Dr Szpytma przyznał, że emocje zaszły za daleko, co znacznie utrudnia dialog.
Trudno jest odpuścić - zarówno nam, jak i im. Sytuacja jest bardzo nieciekawa
— mówił.
Według niego zespół, którego jest członkiem, będzie mógł się zająć na poziomie eksperckim dogłębną analizą tego, co się wydarzyło wokół relacji polsko-izraelskich.
Oczywiście nie może być tak, żeby obce państwo wpływało na nasze prawo. Pewne rzeczy jednak można tłumaczyć, pokazywać, omawiać. Można też przecież negocjować i to w obie strony. Przy dobrej woli uda się odbudować choćby część relacji
— podkreślił dr Szpytma.
Zapytany o wpływ dzisiejszych sporów między Polską a Izraelem na odbiór nadchodzącej rocznicy wydarzeń z 1968 roku Szpytma przyznał, że będzie to problem.
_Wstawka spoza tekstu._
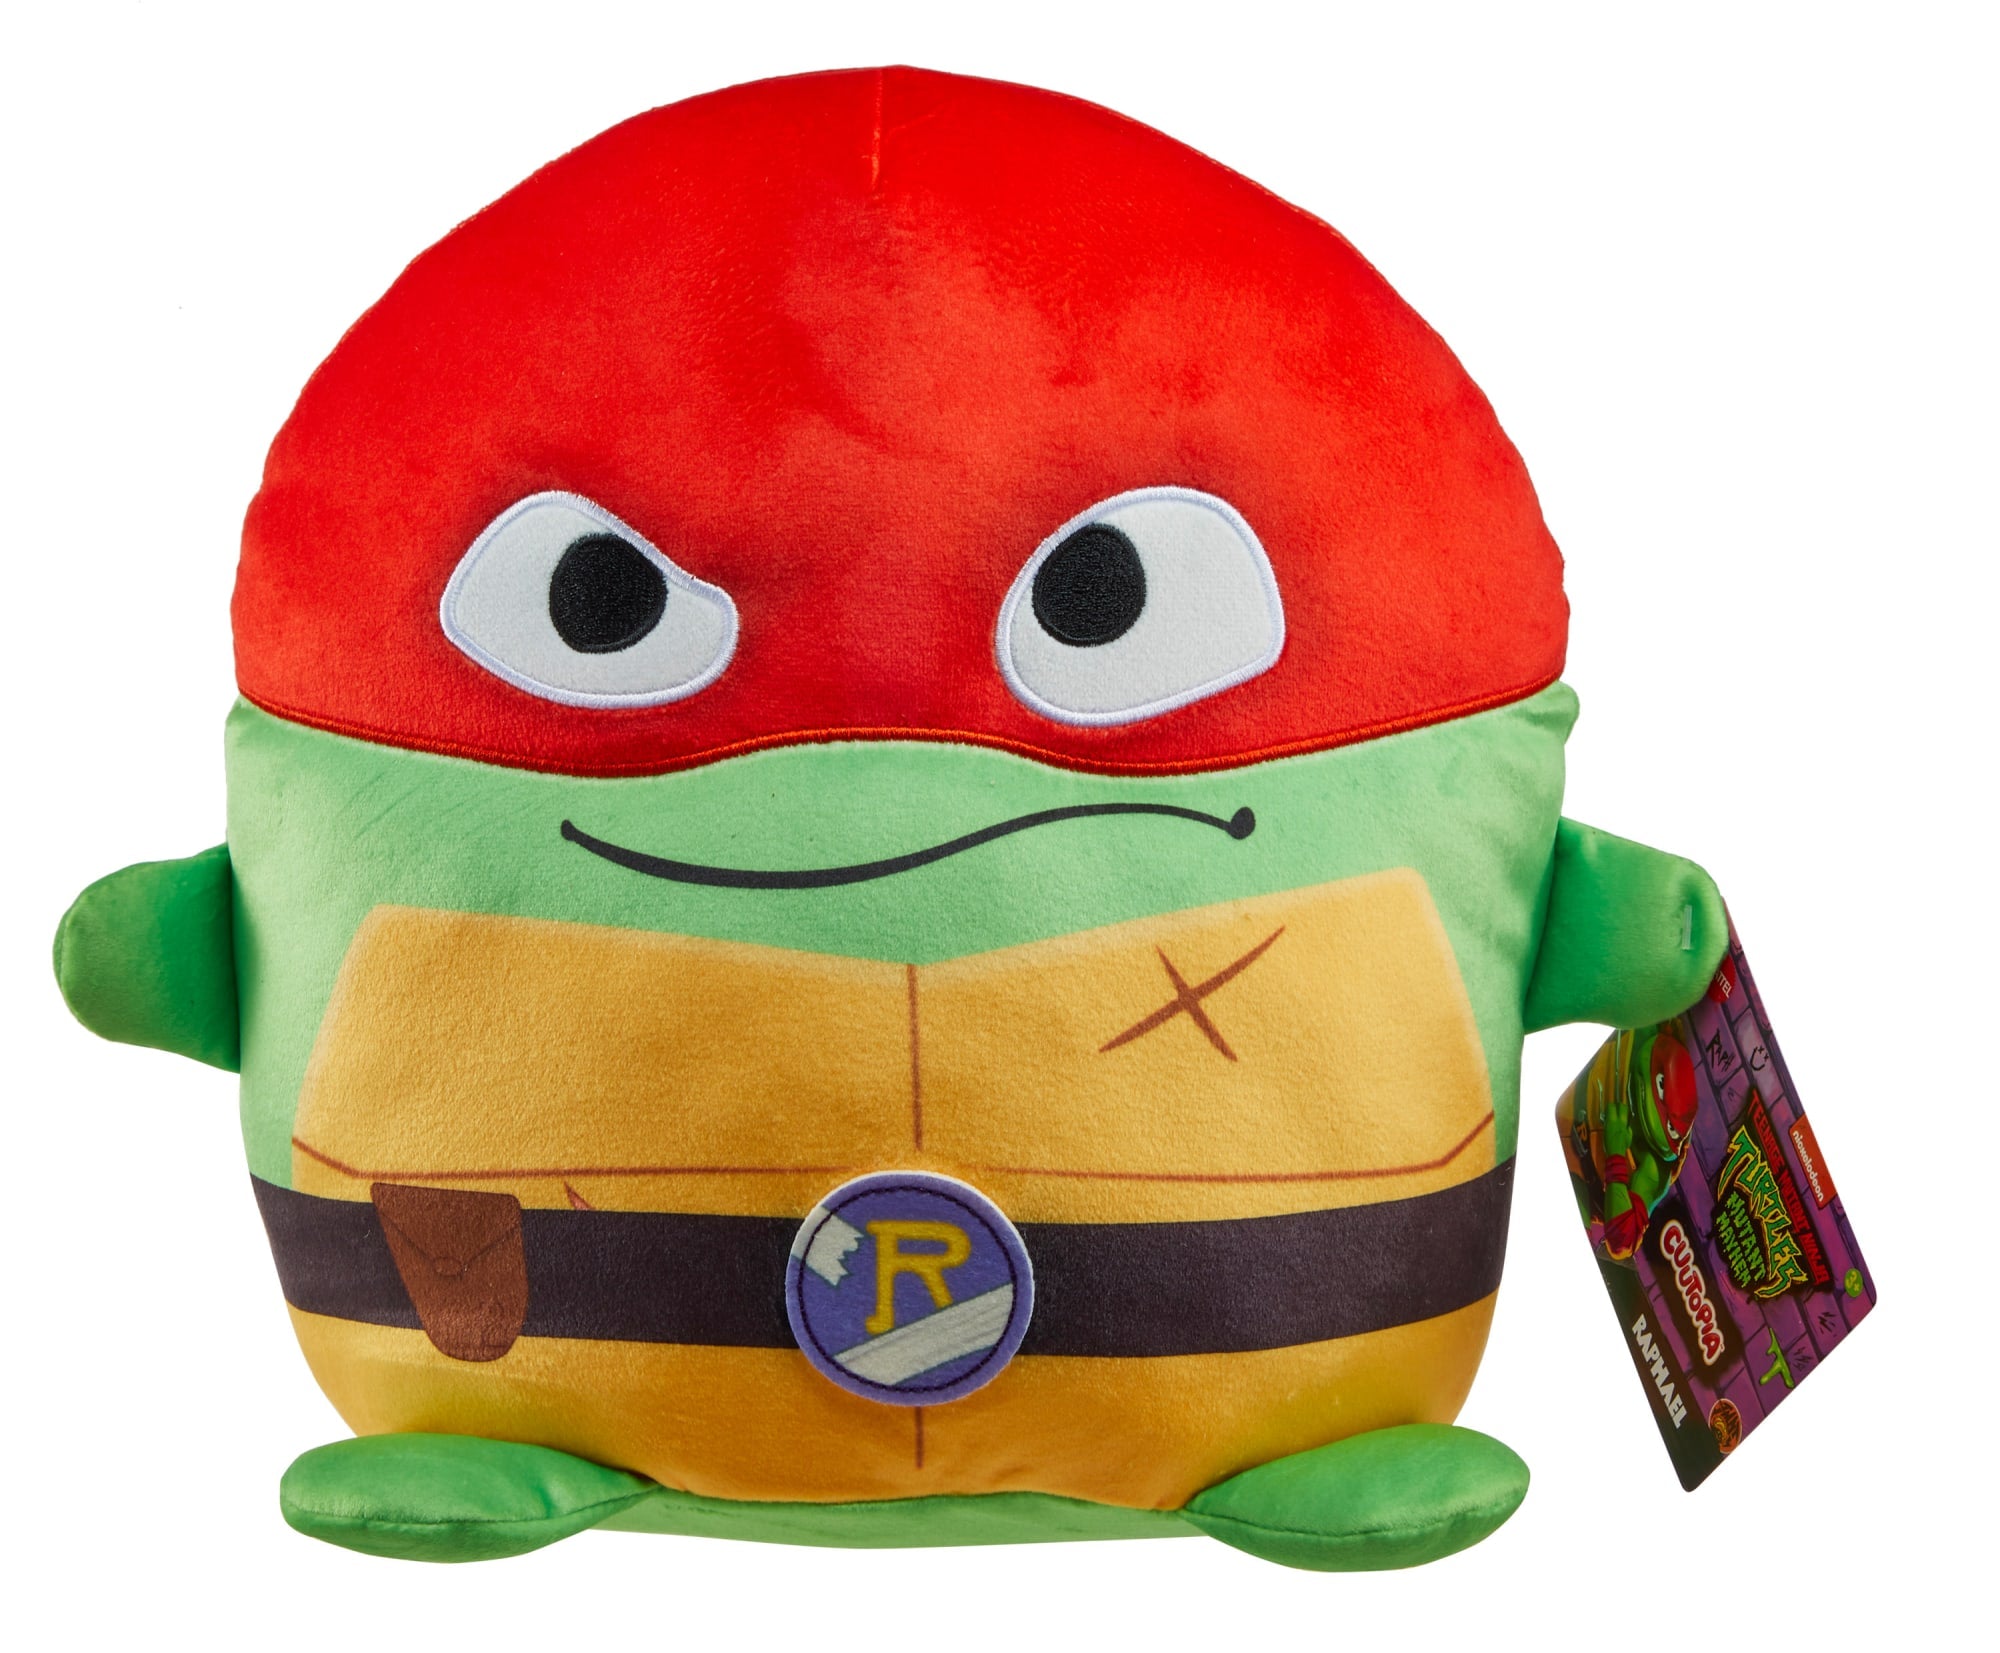 Leonardo Nickelodeon Teenage Mutant Ninja Turtle Plush Stuffed Toy 16

Nie mam żadnych wątpliwości, że zostanie to wykorzystane negatywnie. To będzie próba pokazania Polski jako kraju, który był zawsze antysemicki. Będzie też kolejna próba. Wkrótce ukaże się monografia stosunków polsko-żydowskich w czasach II wojny światowej w kilku powiatach. Jeśli będzie w takim stylu, jak książka Jana Grabowskiego na temat Dąbrowy Tarnowskiej, to będzie kolejna burza medialna i w Polsce i za granicą
— powiedział.
Podkreślił też, że Polska nie ma takiej możliwości, by walczyć ze wszystkim, co się dzieje na świecie.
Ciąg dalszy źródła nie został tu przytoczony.